===== INFORMATION PROVIDED =====

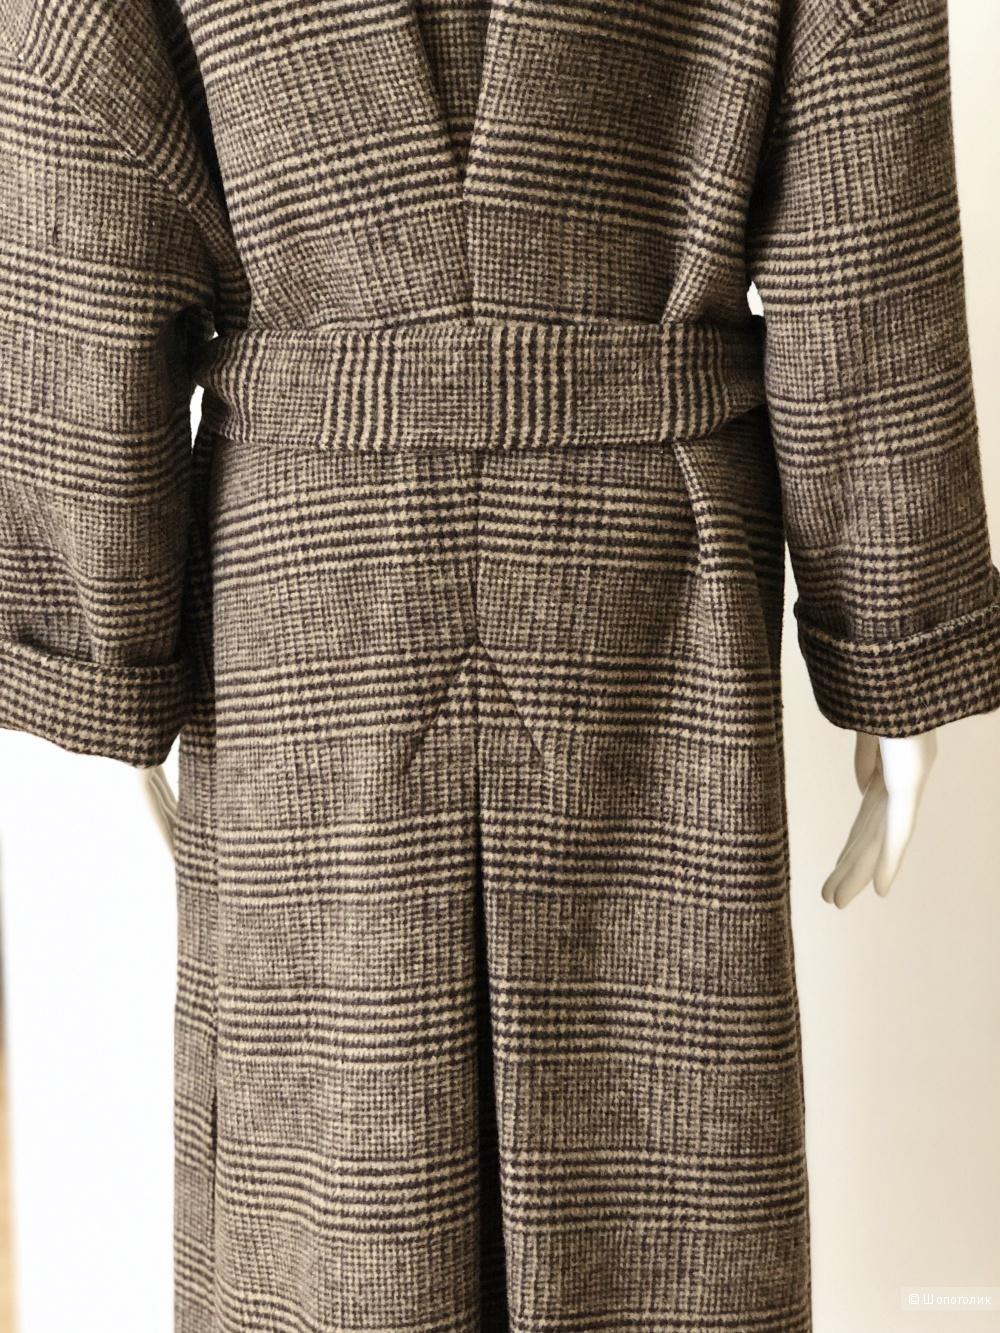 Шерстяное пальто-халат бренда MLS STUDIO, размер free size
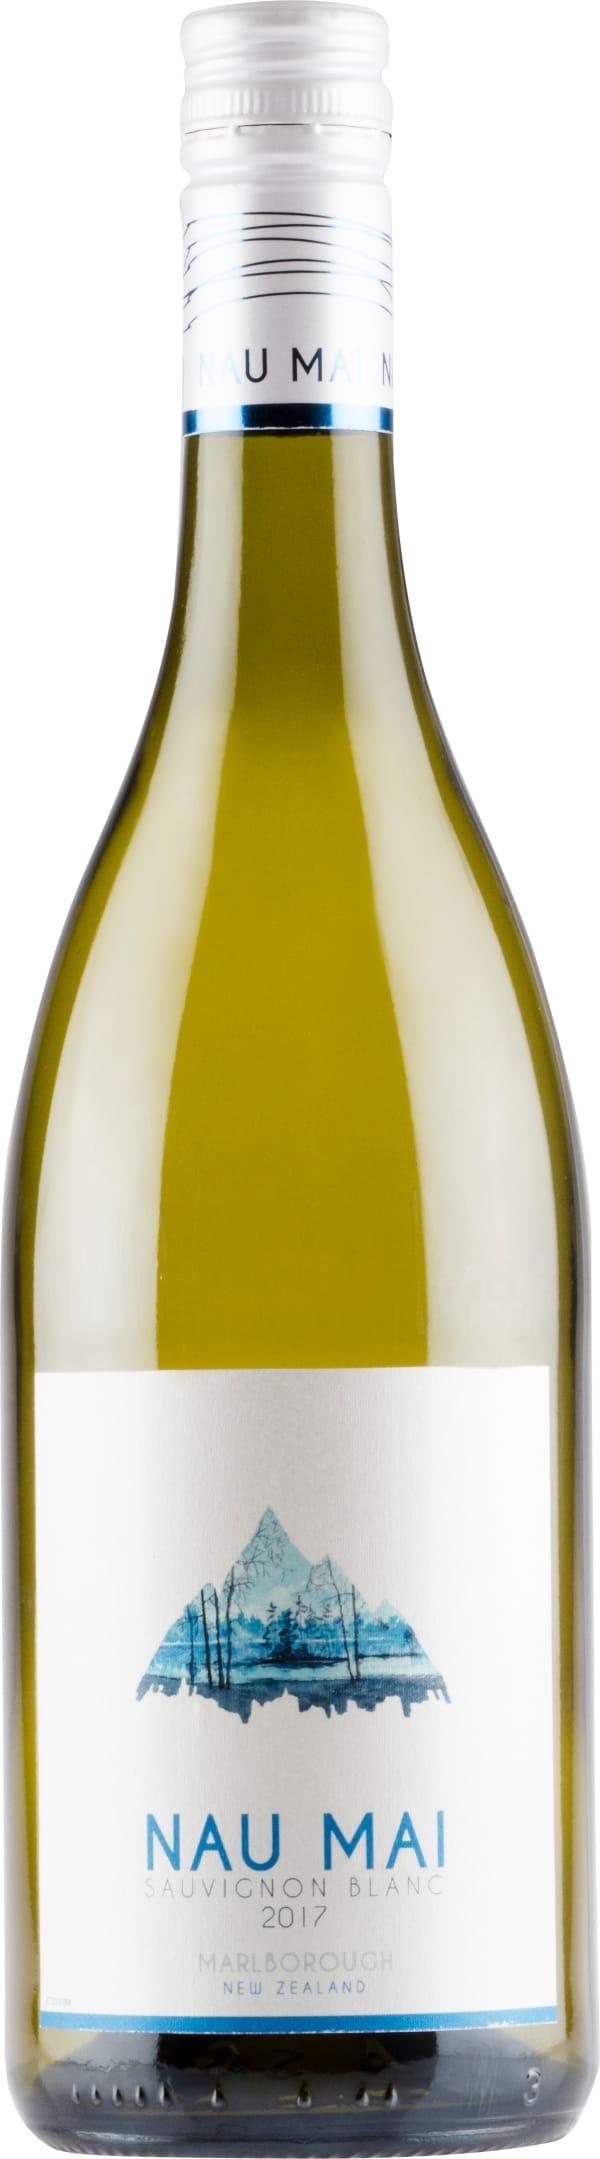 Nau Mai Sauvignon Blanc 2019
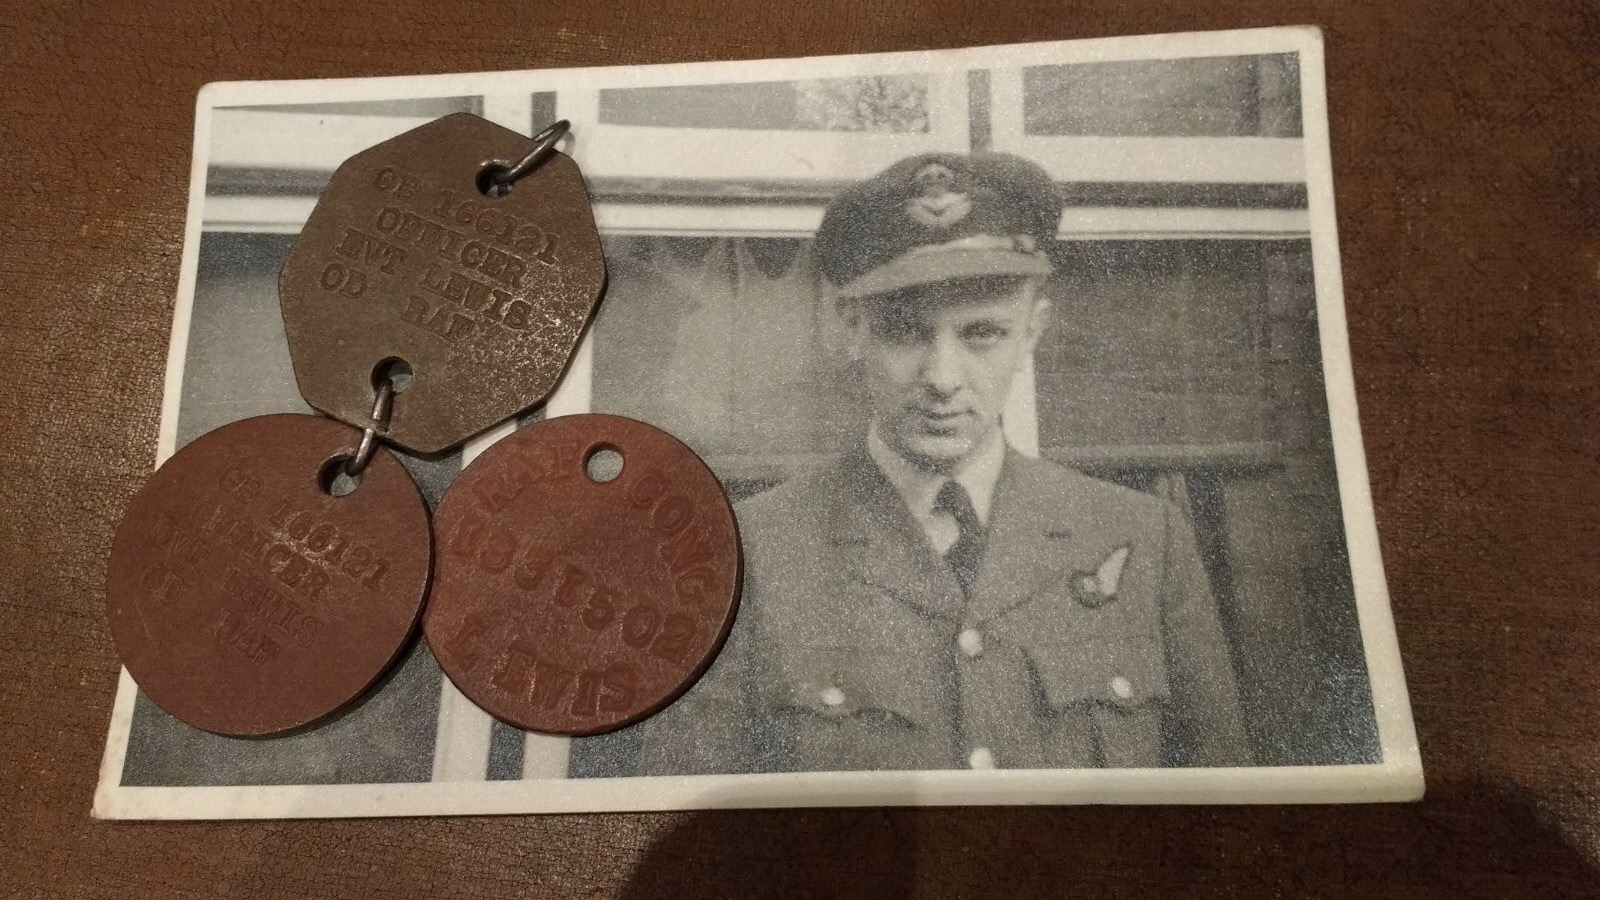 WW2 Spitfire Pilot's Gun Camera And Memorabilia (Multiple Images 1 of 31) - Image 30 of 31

=====

Without any of its pictures, the listing is to be repeated exactly as it stands.

 Шерстяное пальто-халат бренда MLS STUDIO, размер free size
 Nau Mai Sauvignon Blanc 2019
 WW2 Spitfire Pilot's Gun Camera And Memorabilia (Multiple Images 1 of 31) - Image 30 of 31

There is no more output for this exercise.